The first step is to exclude a certain page URL from the sitemap list.

// next-sitemap.config.js

/** @type {import('next-sitemap').IConfig} */

const siteUrl = 'https://example.com';

const config = {
  siteUrl,
  generateRobotsTxt: true,
  exclude: ['/protected-page', '/secret-page'] // exlude here 
};

Even excluding certain pages from the sitemap list, Google can still find and index them. To be sure that you completely exclude these pages from being indexed, you have to add some policies to the robots.txt file. To do that you have to add robotsTxtOptions in the config file

// next-sitemap.config.js

/** @type {import('next-sitemap').IConfig} */

const siteUrl = 'https://example.com';

const config = {
  siteUrl,
  generateRobotsTxt: true,
  exclude: ['/protected-page', '/secret-page'], // exlude here
  robotsTxtOptions: {
    policies: [
      { userAgent: '*', disallow: '/protected-page' }, // not indexed
      { userAgent: '*', disallow: '/secret-page' }, // not indexed
      { userAgent: '*', allow: '/' }, // index the rest of the pages
    ],
  },
};

The above configuration will generate a robots.txt file like this.

# *
User-agent: *
Disallow: /protected-page

# *
User-agent: *
Disallow: /secret-page

# *
User-agent: *
Allow: /

# Host
Host: https://www.example.com

# Sitemaps
Sitemap: https://www.example.com/sitemap.xml

Generating dynamic/server-side sitemaps

To generate a dynamic/server-side sitemap, create pages/server-sitemap-index.xml/index.tsx page and add the following content.

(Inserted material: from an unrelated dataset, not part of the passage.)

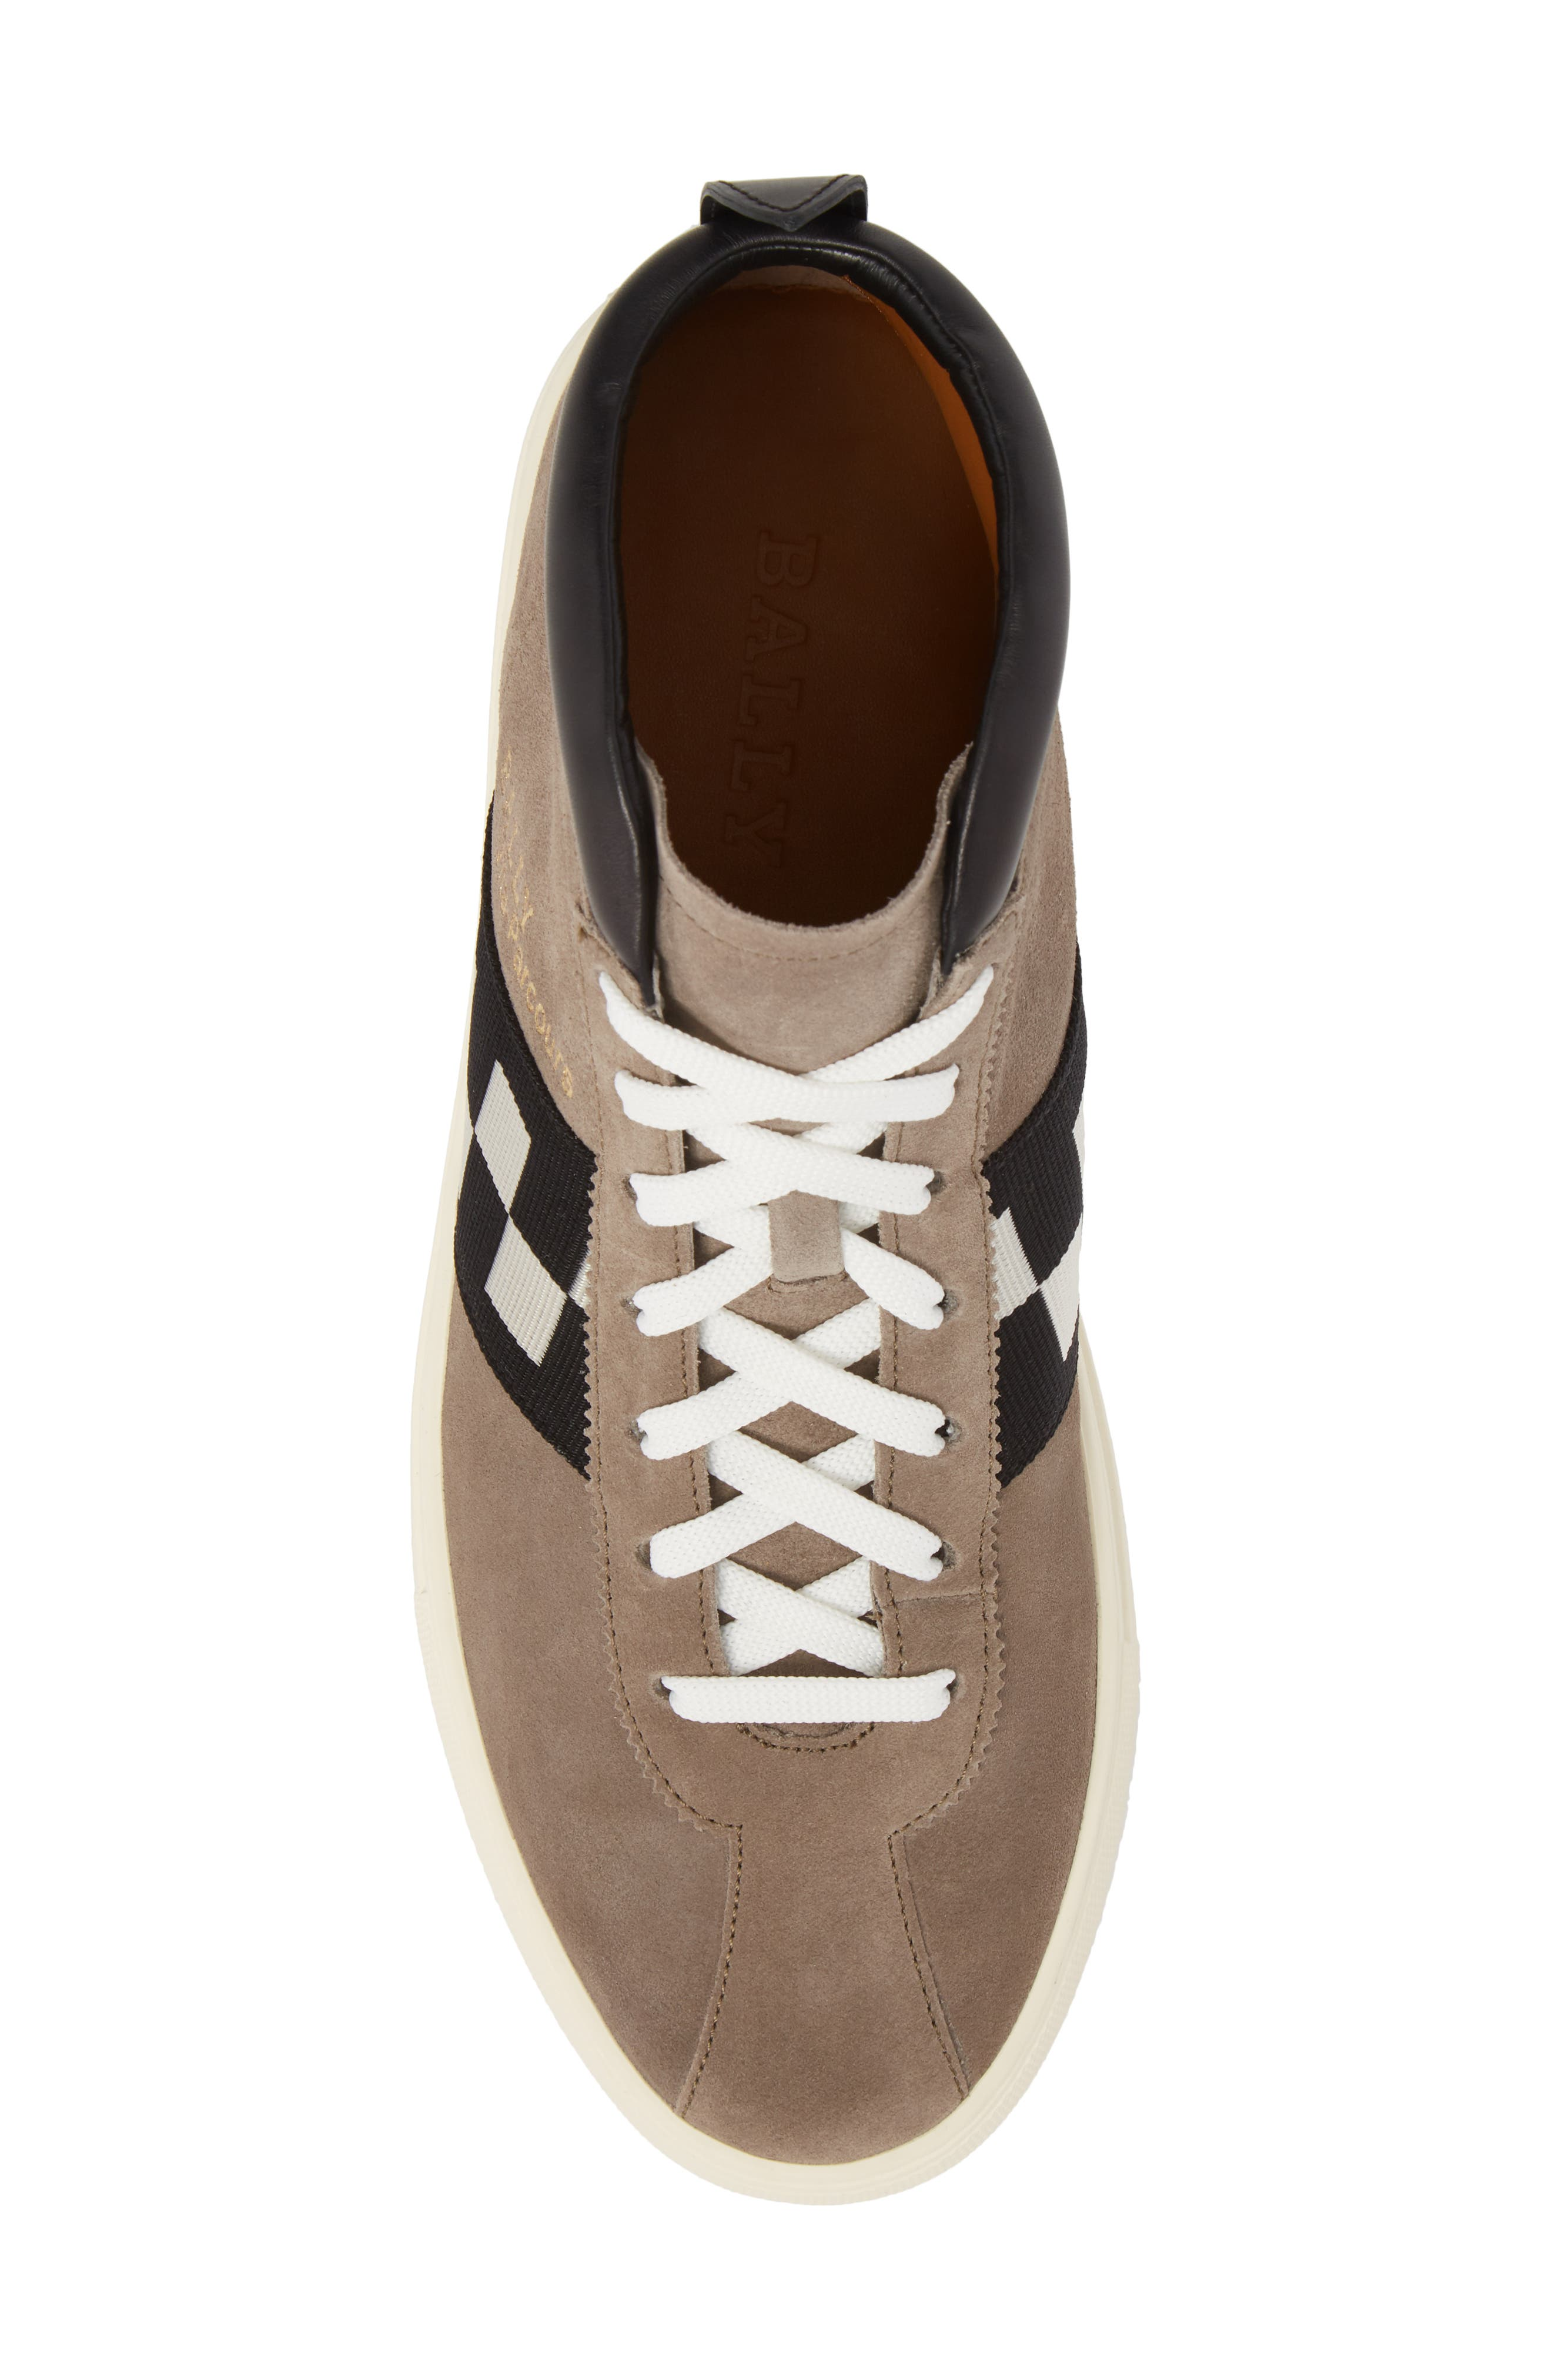 Vita Checkered High Top Sneaker,                             Alternate thumbnail 5, color,                             Snuff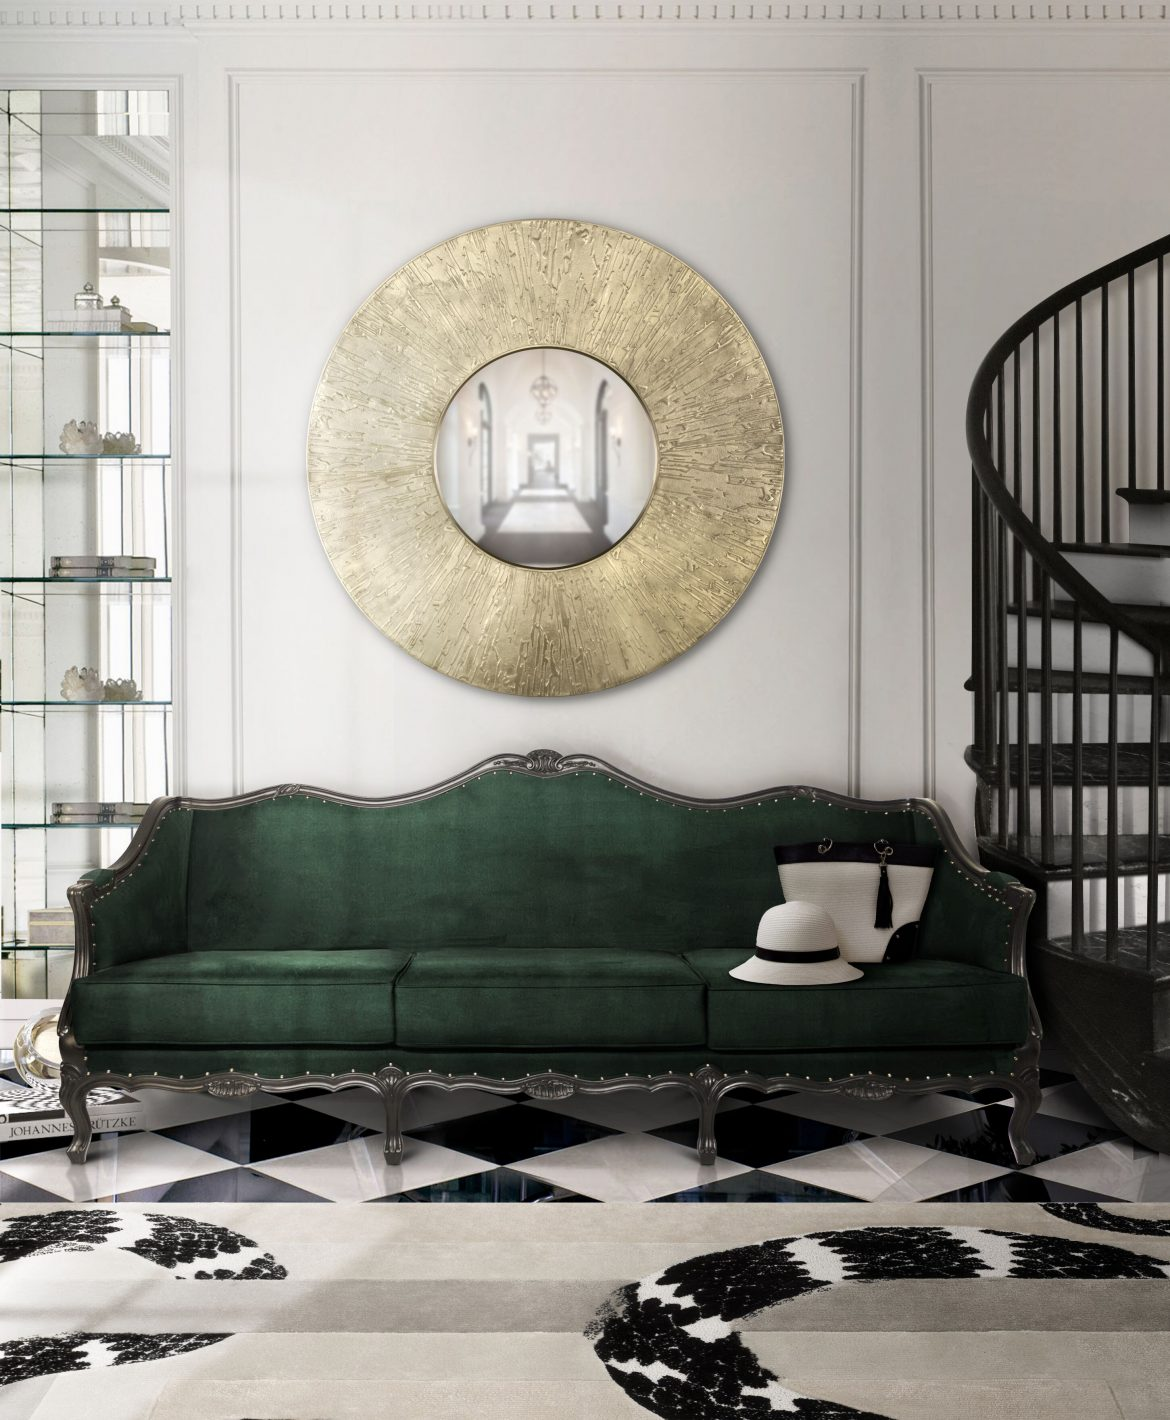 living room ideas 30 Best Living Room Ideas For 2020 best living room ideas 2020 12

The robots.txt will tell Google to index all the URLs generated in the sitemap.xml file.

// pages/server-sitemap.xml/index.tsx

import { GetServerSideProps } from 'next';
import { getServerSideSitemap, ISitemapField } from 'next-sitemap';

export const getServerSideProps: GetServerSideProps = async (ctx) => {
  // Method to source urls from cms
  // const response = await fetch('https//example.com/api')
  // const fields =  await response.json()

  const fields: ISitemapField[] = [
    {
      loc: 'https://example.com', // Absolute url
      lastmod: new Date().toISOString(),
    },
    {
      loc: 'https://example.com/dynamic-path-2', // Absolute url
      lastmod: new Date().toISOString(),
    },
  ];

  return getServerSideSitemap(ctx, fields);
};

// Default export to prevent next.js errors
export default function Sitemap() {}

Now, next.js is serving the dynamic sitemap from http://localhost:3000/server-sitemap.xml.

List the dynamic sitemap page in robotsTxtOptions.additionalSitemaps and exclude this path from the static sitemap list.

// next-sitemap.config.js

/** @type {import('next-sitemap').IConfig} */

const siteUrl = 'https://example.com';

const config = {
  siteUrl,
  generateRobotsTxt: true,
  exclude: ['/server-sitemap.xml'],  // exclude here
  robotsTxtOptions: {
    additionalSitemaps: [
      `${siteUrl}/server-sitemap.xml`, // add here
    ],
  },
};

export default config;

In this way, next-sitemap will manage the sitemaps for all your static pages and your dynamic sitemap will be listed on robots.txt.

Exclude generated files from the git commit

The last thing to do is to exclude generated files from git commit. New sitemap.xml and robots.txt files will be generated on the server on each build.

# .gitignore

/public/sitemap.xml
/public/robots.txt